Being protected means being current

One of the most important features of our products is the ability for us to actually update them.  The Mac team has been talking a lot about this lately, specifically: how best to keep users up to date without impacting them in any way?

Our updating process actually has quite a few steps:

1 - we launch a process that manages the updating (LiveUpdate)

2 - LiveUpdate checks the LiveUpdate servers (most of the time a Symantec server, but sometimes enterprise customers have a local LiveUpdate server that lives behind the enterprise firewall) and checks to see what updates are actually up there

3 - It checks to see if the available updates apply to any of the installed Norton applications and various update components (like the antivirus definitions or signatures for vulnerability protection

4 - if there is stuff to download, we download it

5 - then we install it

6 - then we do some cleaning up (and we check, again, just in case to see if we have anything else to download that may have required the stuff we already downloaded to be present before we could install the newer stuff).

And this is just the steps that I know about. I'll bet my developers will be more than happy to expand on this list (product managers tend to over simplify, I admit).

So, like a ton of stuff happens and, well, I just bet the vast majority of our customers could care less. They want to use their computer and they don't want some product they spent fifty bucks on to slow it down.

A lot of this is perception, of course. When we do these basic updates, we do it all behind the scenes, you don't see LiveUpdate launching on the dock like you used to, nor does the old LiveUpdate download progress windows show up. And if you are using your Mac, our processes will take a bit of a backseat and give you more CPU time, otherwise, if you aren't doing anything, we'll use more CPU power and get our work done as quickly as possible.  

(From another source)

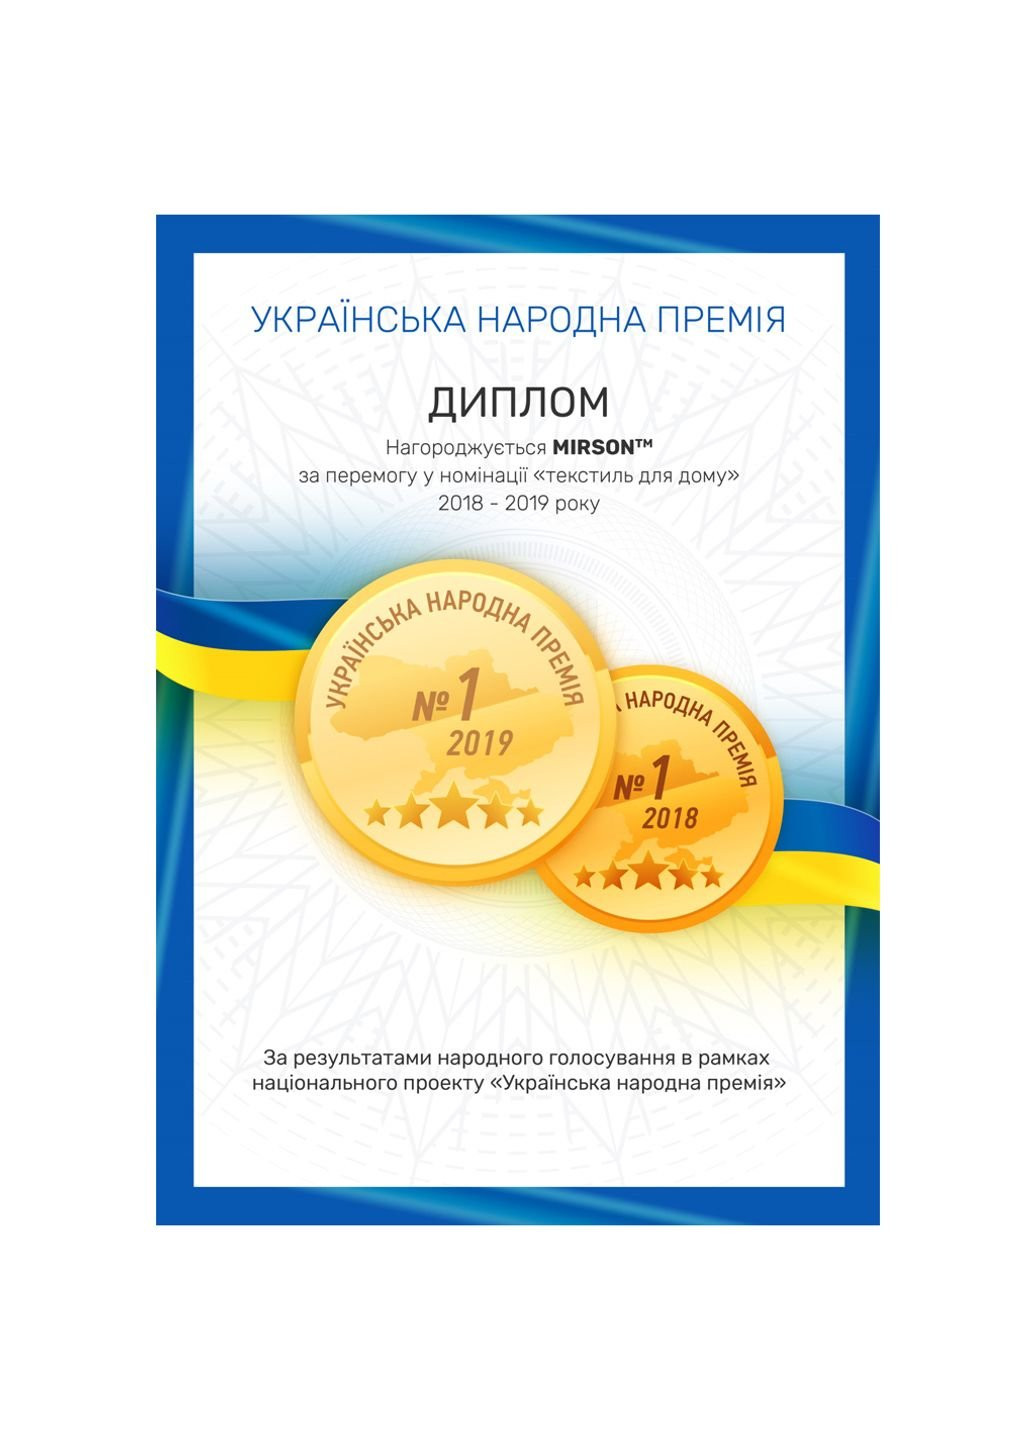 No Brand полотенце mirson банное №5000 softness bordo 100x150 см (2200003181180) красный производство - Украина

It's a good start, but as my QA Lead is often reminding me, we can do more. So, we're rethinking the whole process. The details are still being hammered out, but again, the goal is the same--keep people up to date without interfering with their work. 

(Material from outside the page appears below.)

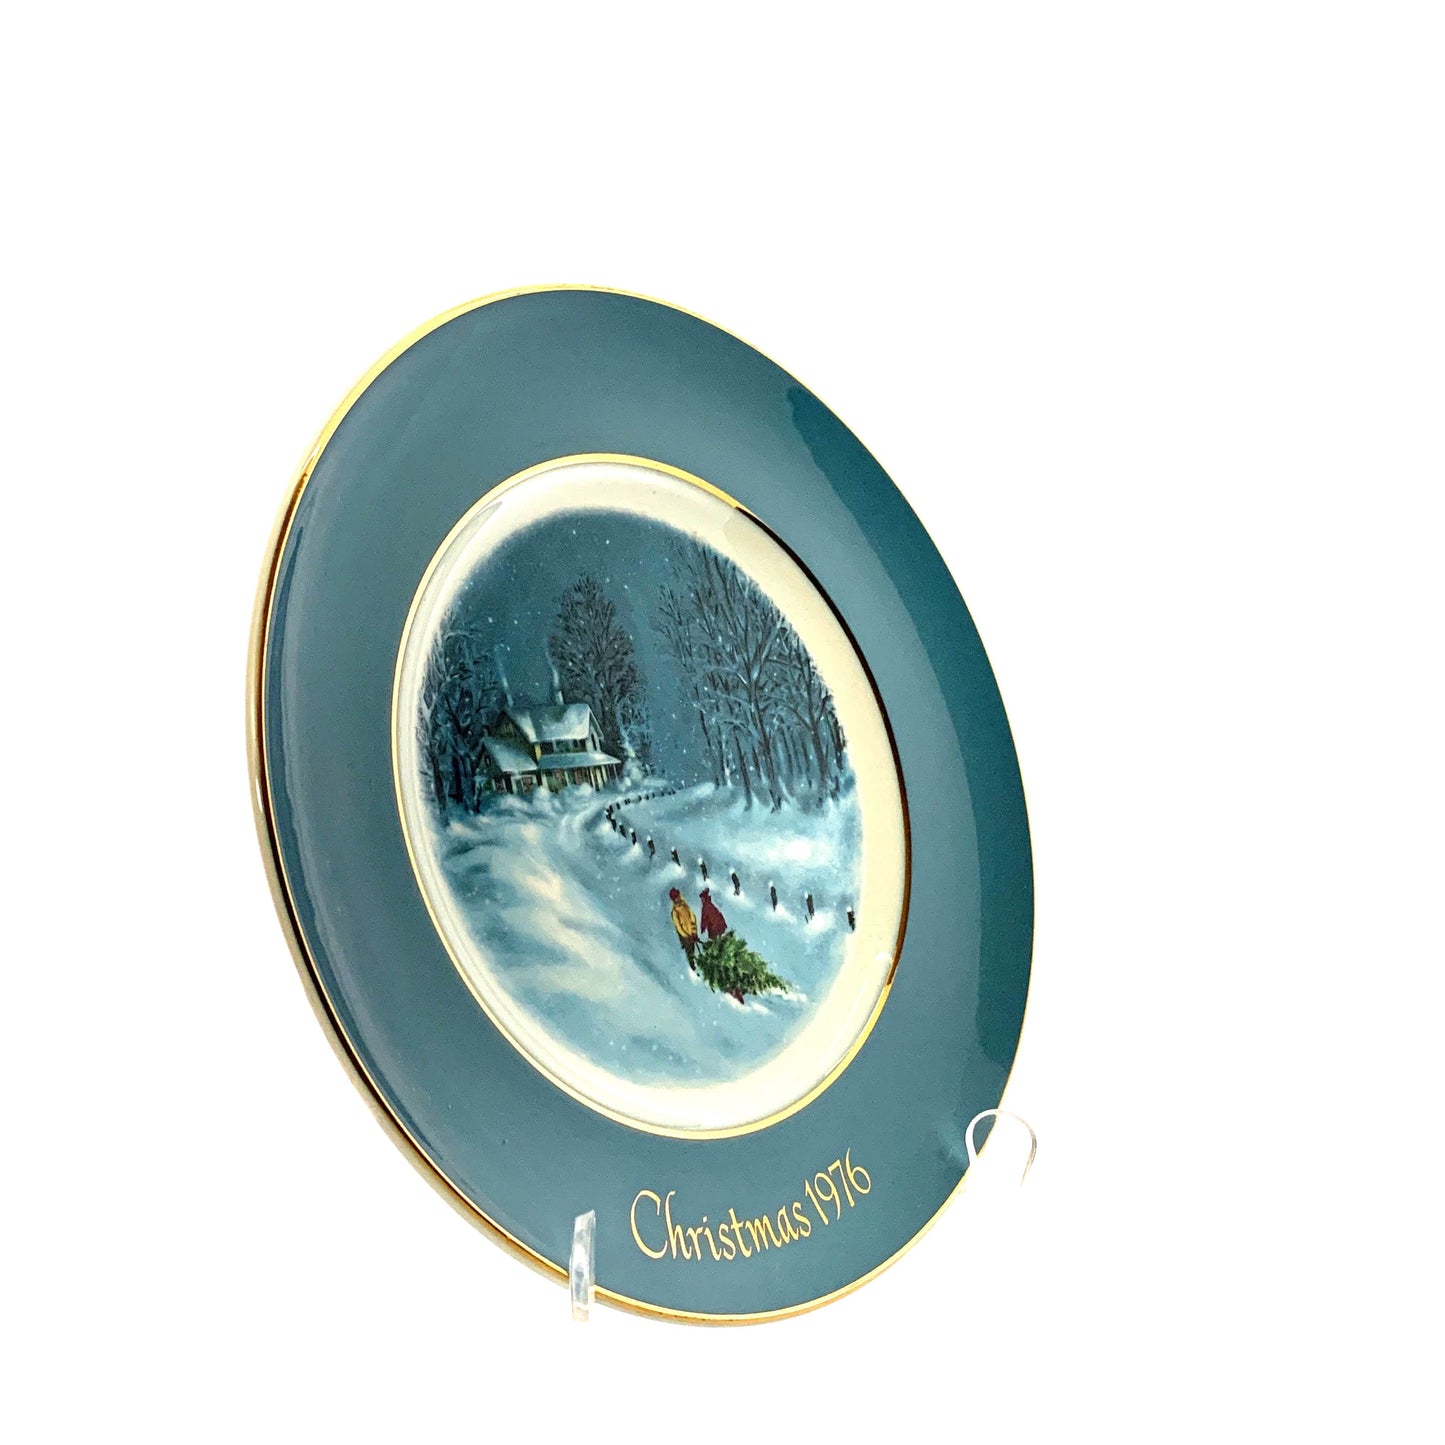 Vintage Avon Christmas Plate Series Third Edition “Bringing Home The Tree” 1976

So, that's good for content updates--do it behind the scenes, don't make a big deal out of it. But when it comes to product updates, I found that I needed to think a bit differently. Given how we run at a lower level than, say, a graphic design application, oftentimes our product and engine updates will require the user to restart, or at least log out for the changes to take effect, not unlike the base Apple updates.  So, that's cool, we don't update our products all that often, but I am thinking that we should at least inform the user:

1 - hey, we would like to update a product

2 - but you know what, it's gonna require a restart

And ask them whether or not they want to deal with it now or postpone it for later. Not exactly rocket science, I realize; plenty of apps do this, the trick is being gently persistent--this is security software, after all, and we're not going to update the product or engine unless it's going to fix a problem or improve security.  So, we're thinking a lot about that.

And, finally, we have to acknowledge and support the customers out there who just love to update and make schedules to check more often than our defaults. Hey, I get it: you are running a file server or something that people rely on, you want it to be as protected as possible. We'll help you make that happen, too.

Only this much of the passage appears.